> Your objective
Without changing a word, copy every line of the listing below and leave out the images.
───── Data excerpt ─────
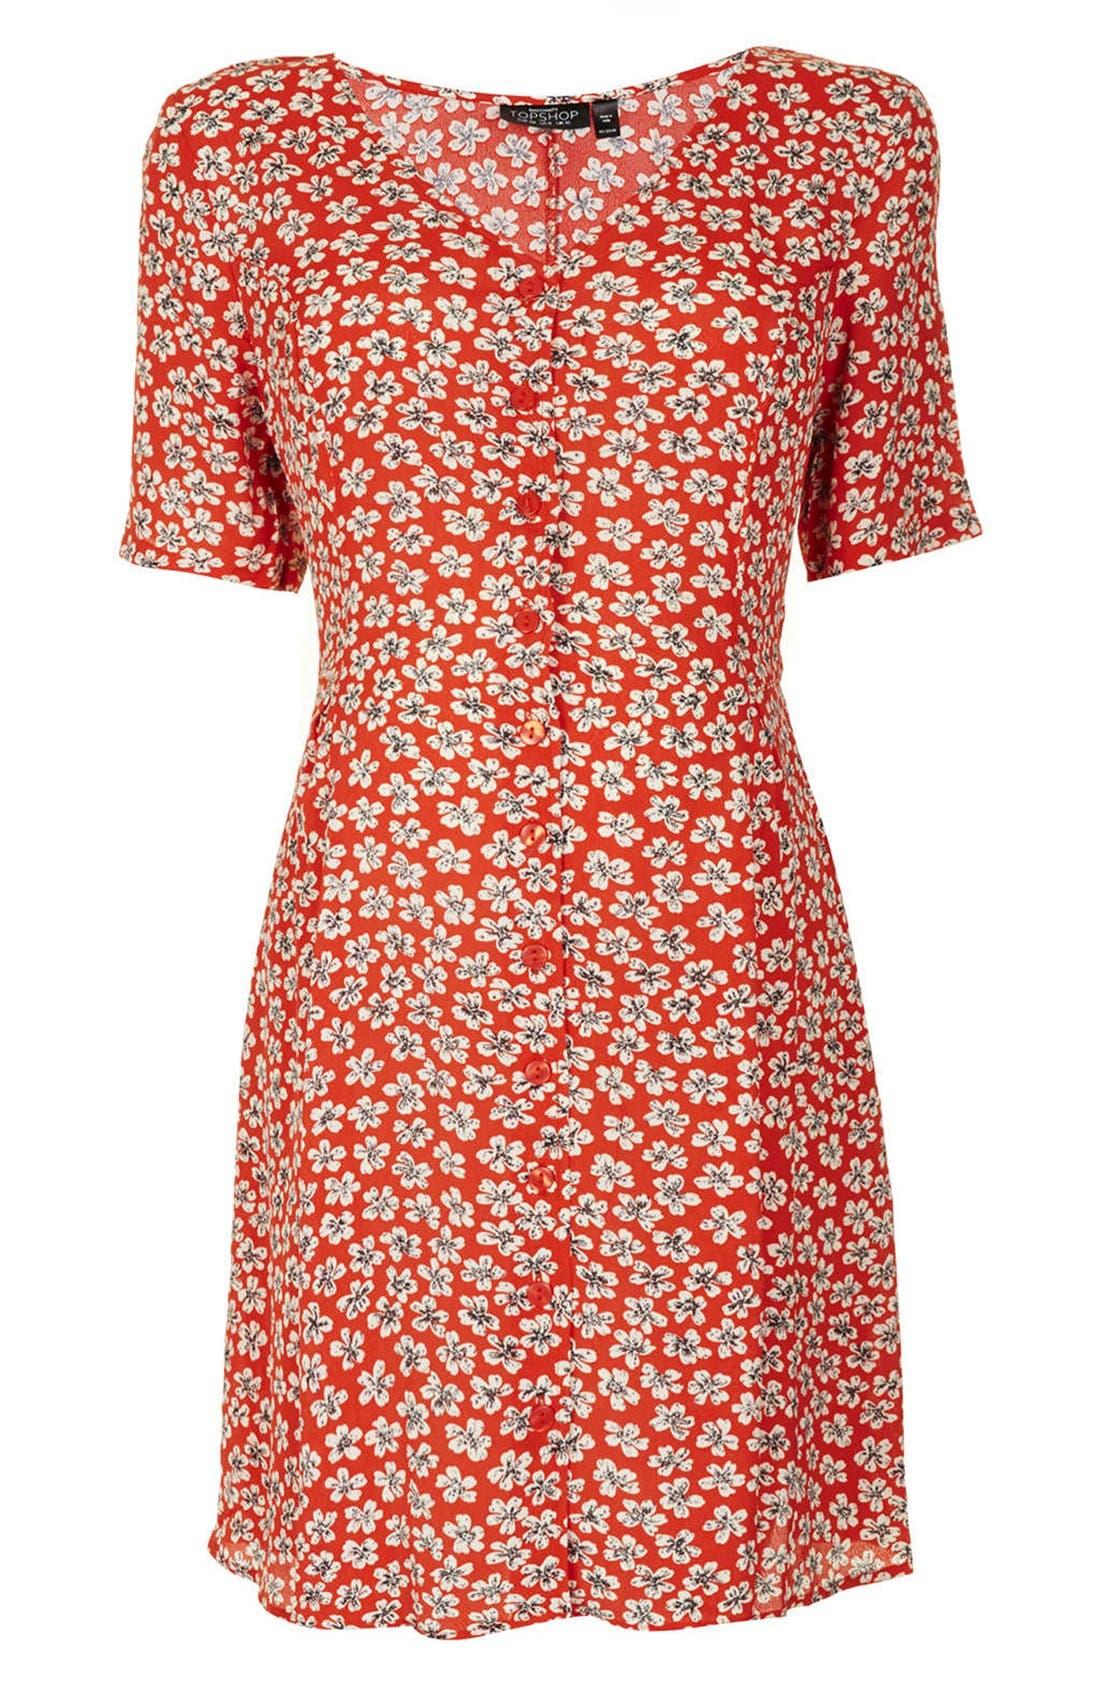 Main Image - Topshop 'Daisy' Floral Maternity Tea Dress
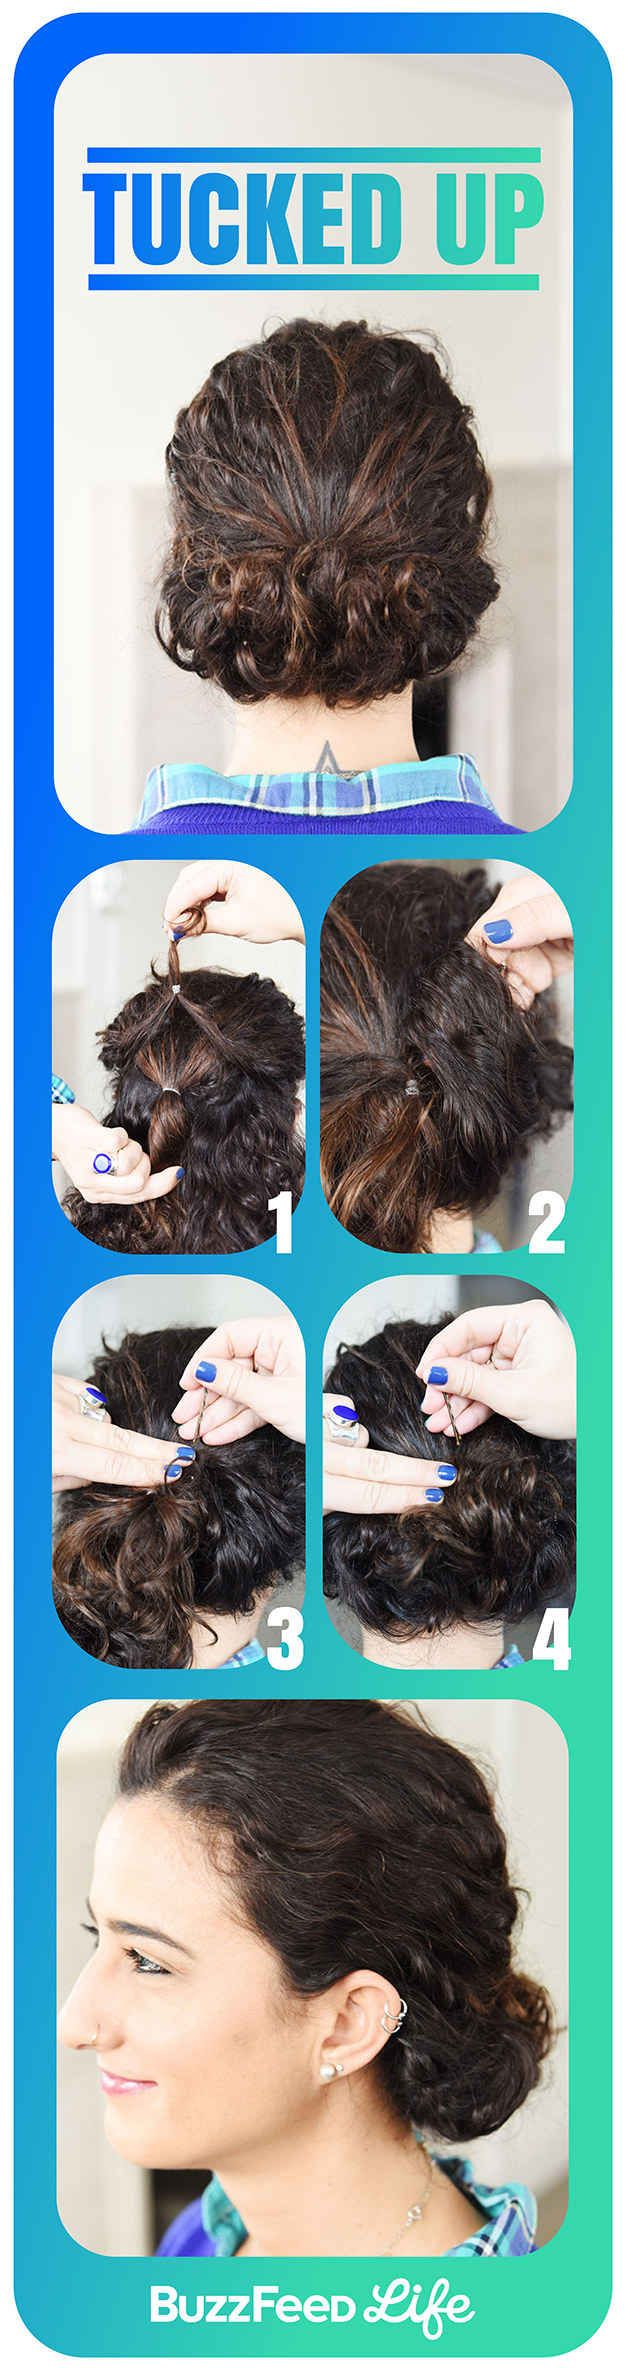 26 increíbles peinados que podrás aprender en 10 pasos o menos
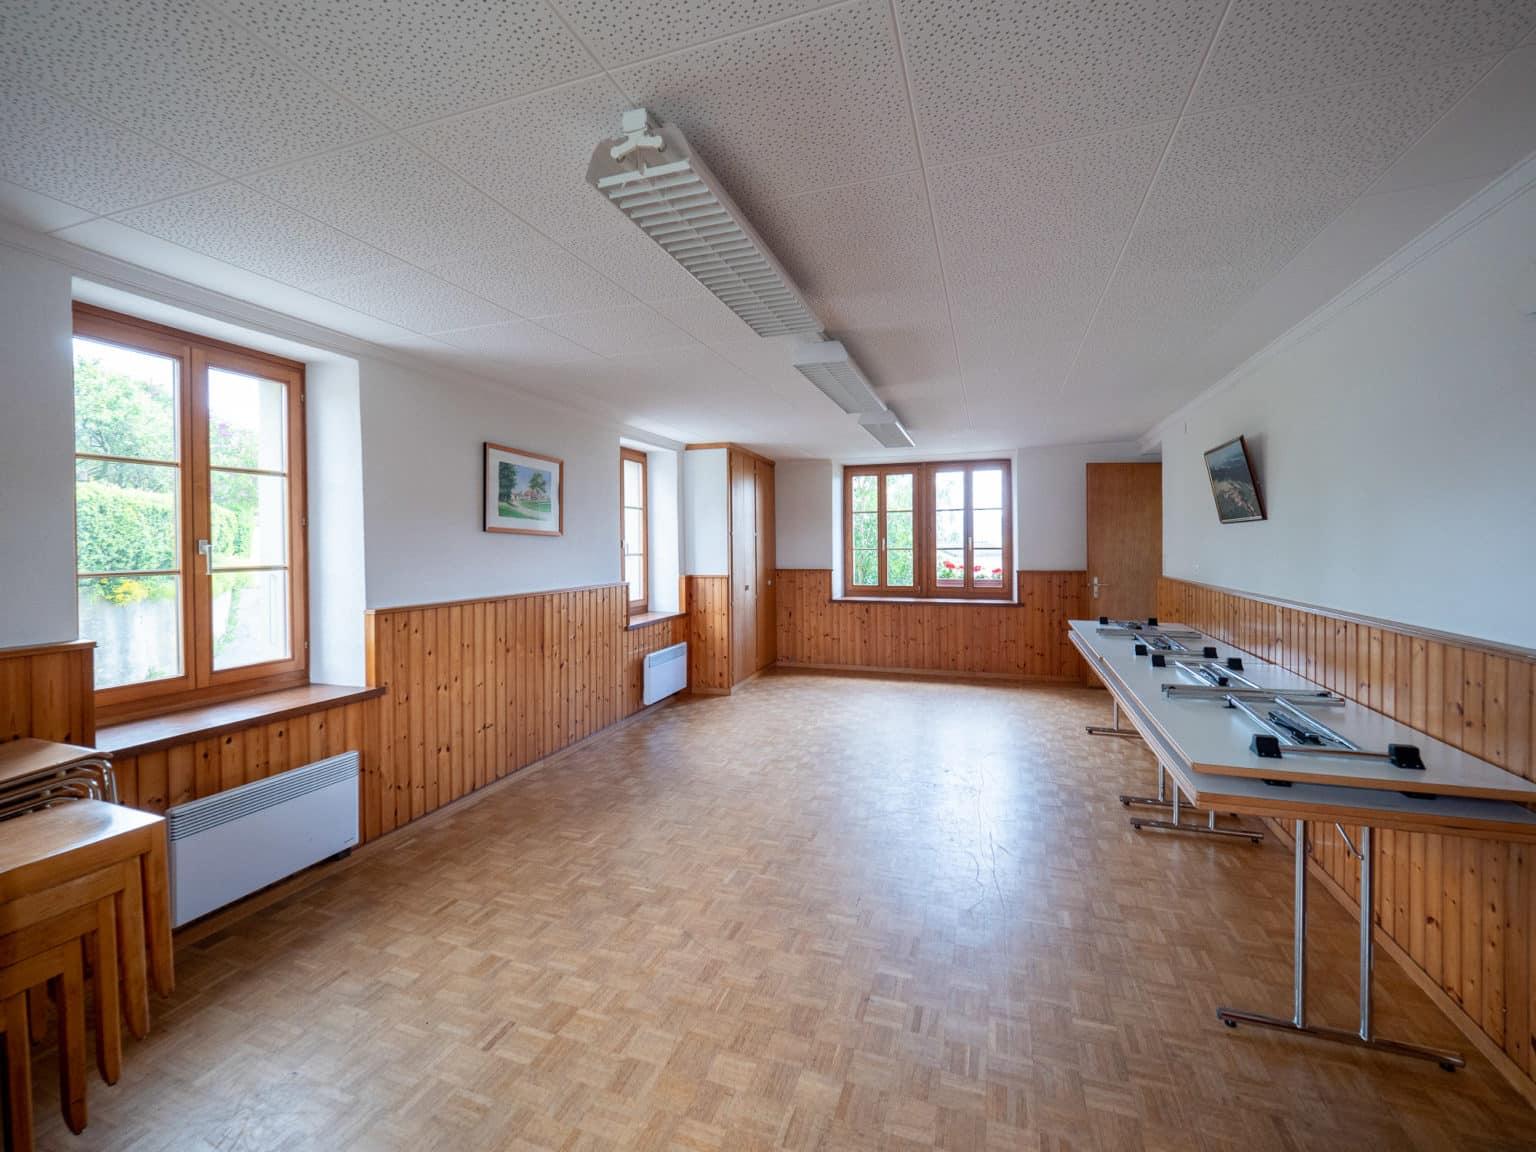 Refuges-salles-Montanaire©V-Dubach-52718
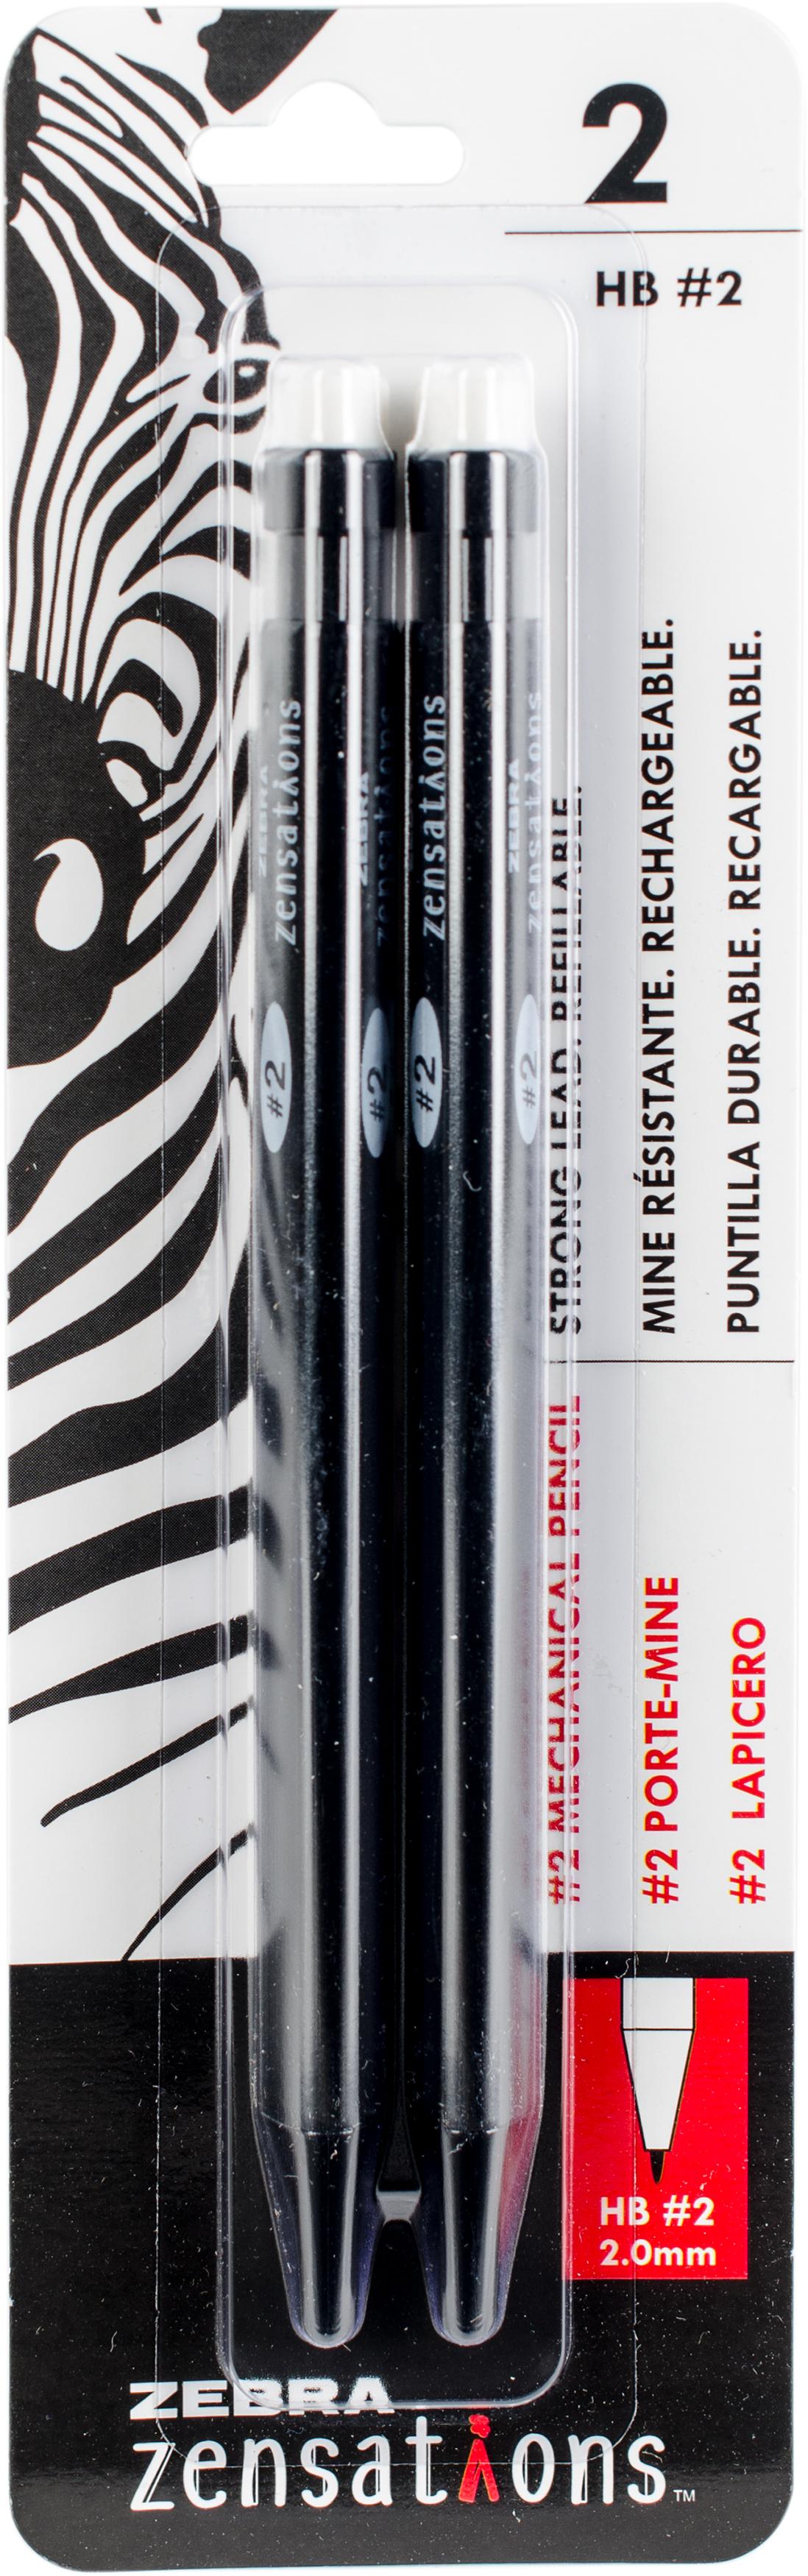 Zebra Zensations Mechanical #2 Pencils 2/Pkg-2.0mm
─────
> Solution to the problem
 Main Image - Topshop 'Daisy' Floral Maternity Tea Dress
 26 increíbles peinados que podrás aprender en 10 pasos o menos
 Refuges-salles-Montanaire©V-Dubach-52718
 Zebra Zensations Mechanical #2 Pencils 2/Pkg-2.0mm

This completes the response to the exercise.